PROVIDED DATA:

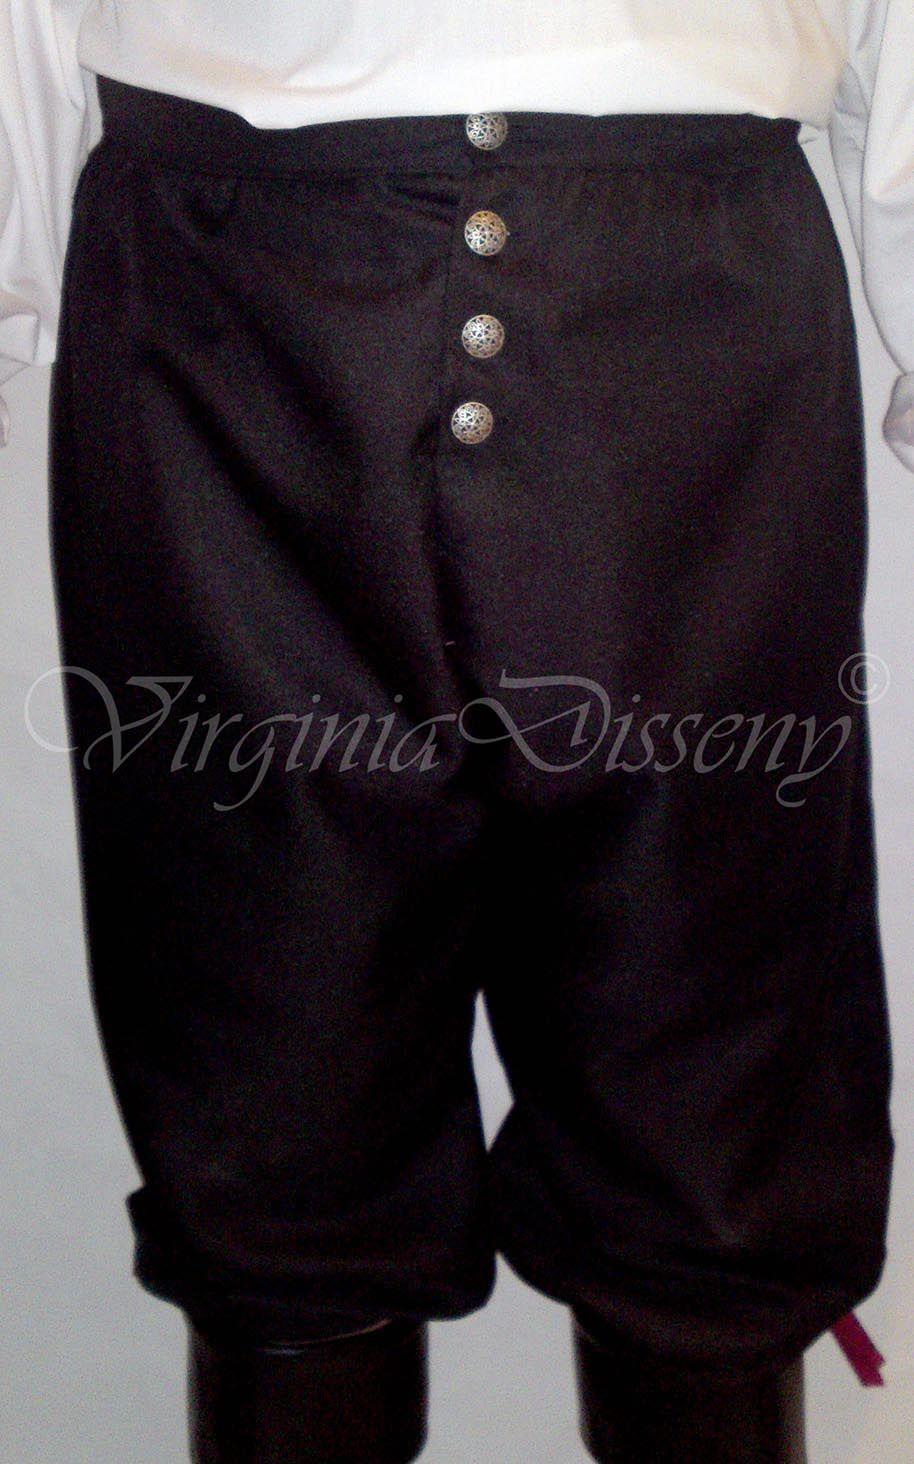 nike huarache sans lumi re gris noir - Pantal��n siglo XVII - Pants 17th century | 17th century clothes ...
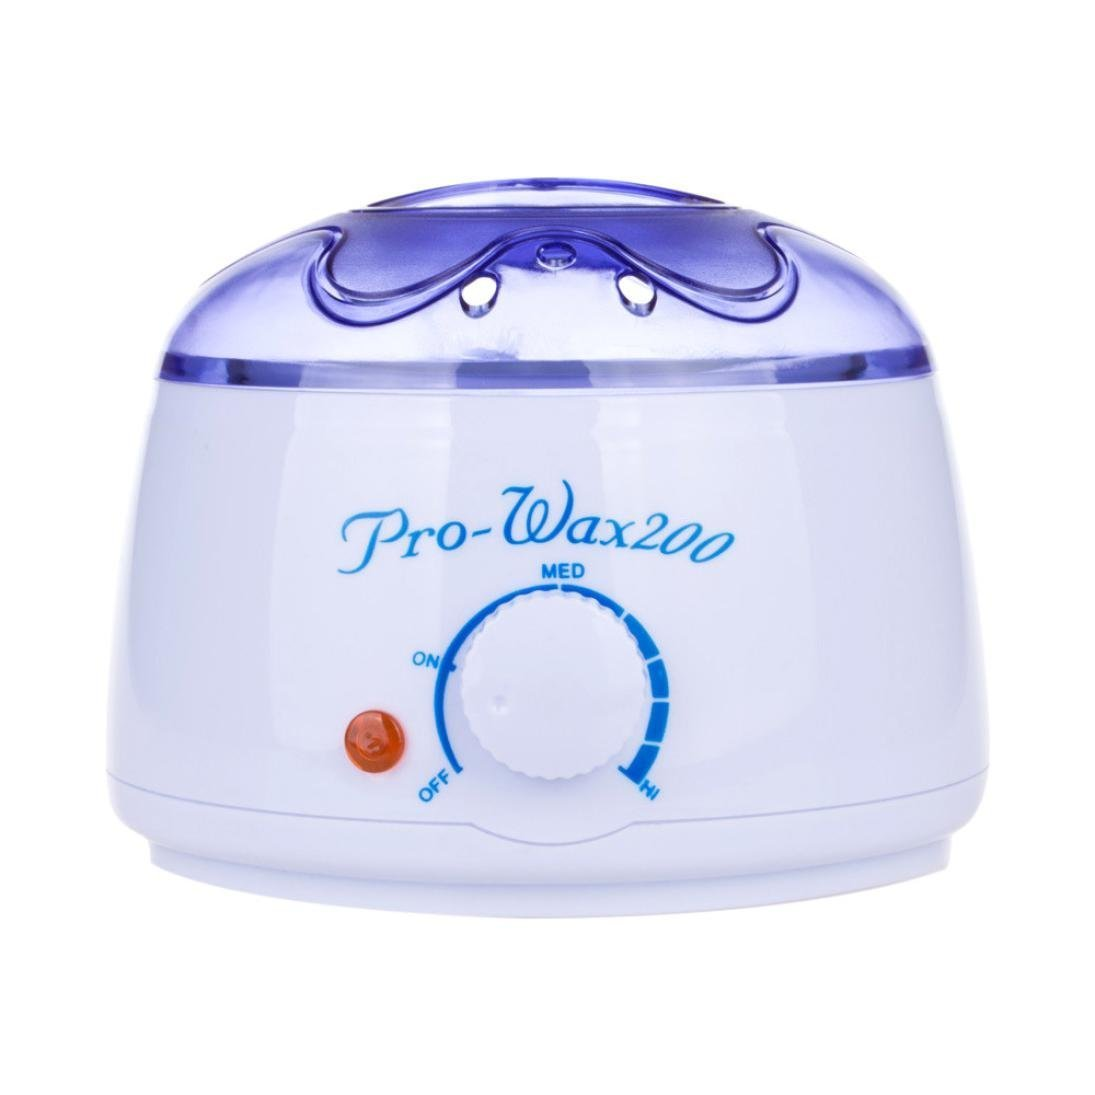 Wax Warmer Machine Kit - Electric Hair Removal Hot Wax Warmer Heater Pot Depilatory
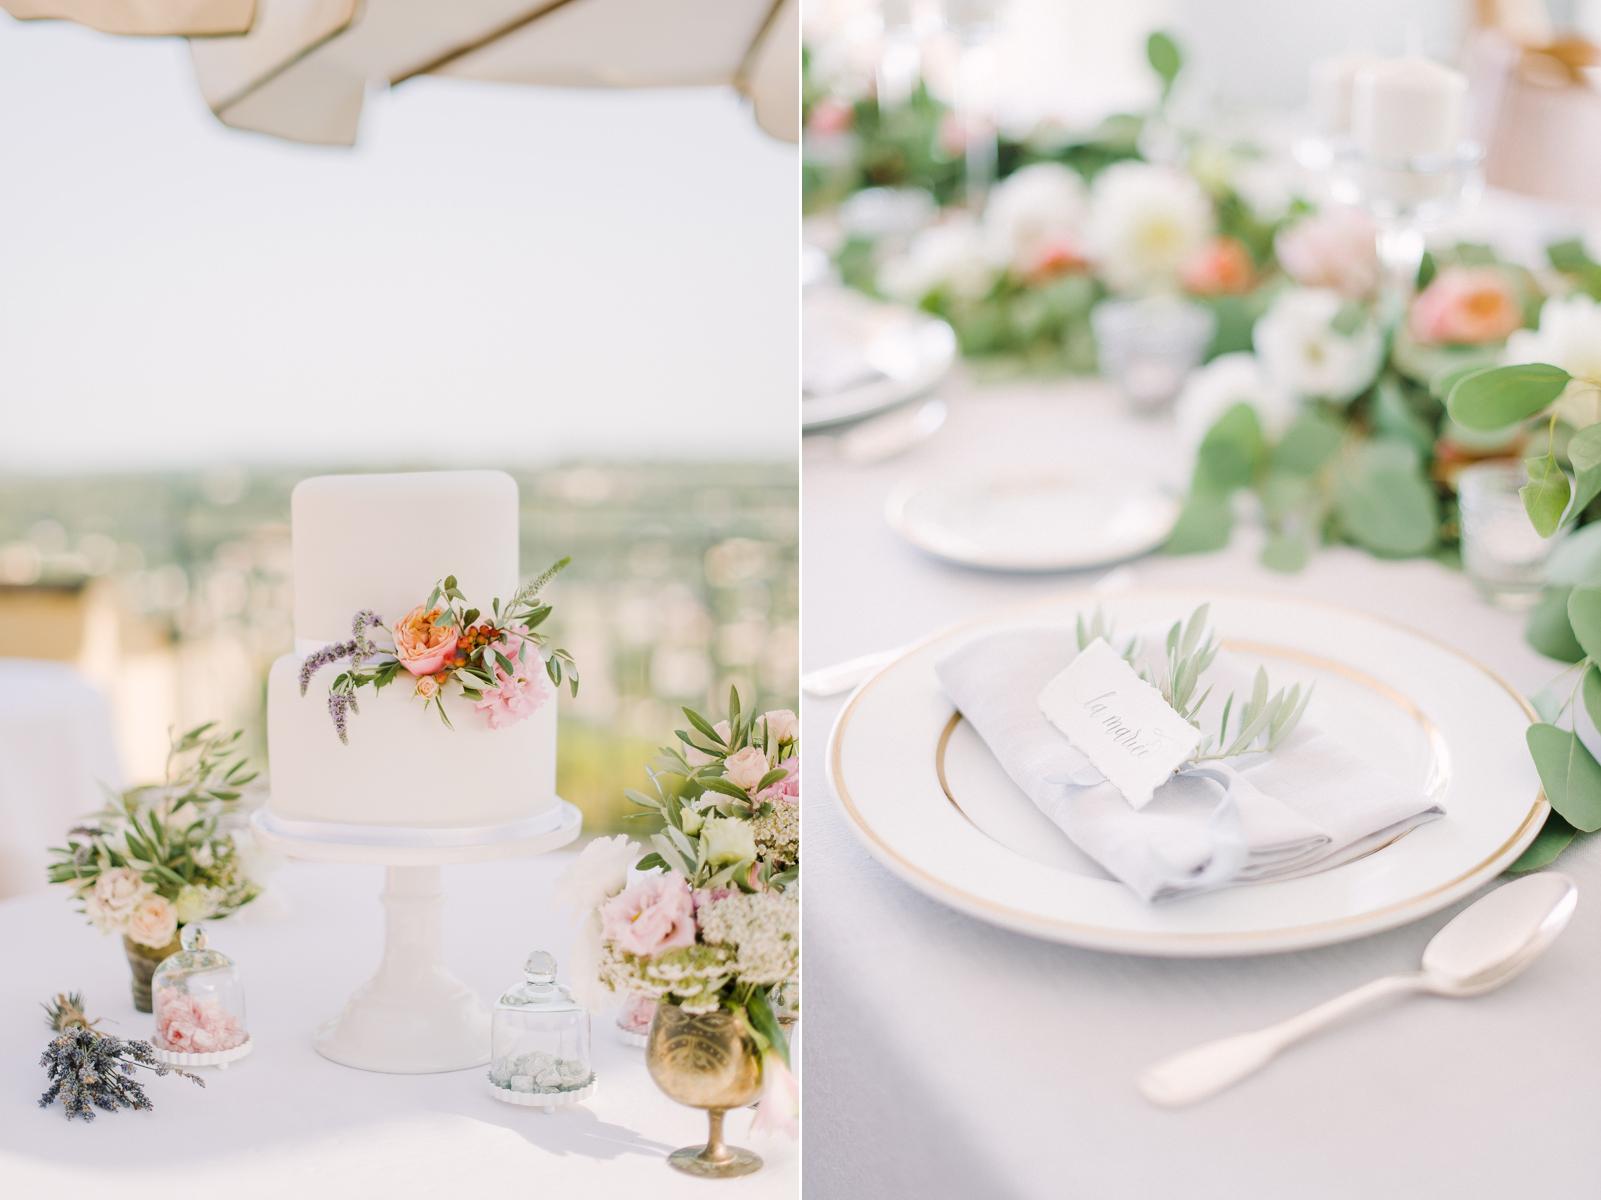 BohemeMoonPhotography-Grasse-provence-wedding-photographer_29.jpg

TASK TO COMPLETE:
Without the pictures, write out the listing exactly as it appears above.

RESULT:
 nike huarache sans lumi re gris noir - Pantal��n siglo XVII - Pants 17th century | 17th century clothes ...
 Wax Warmer Machine Kit - Electric Hair Removal Hot Wax Warmer Heater Pot Depilatory
 BohemeMoonPhotography-Grasse-provence-wedding-photographer_29.jpg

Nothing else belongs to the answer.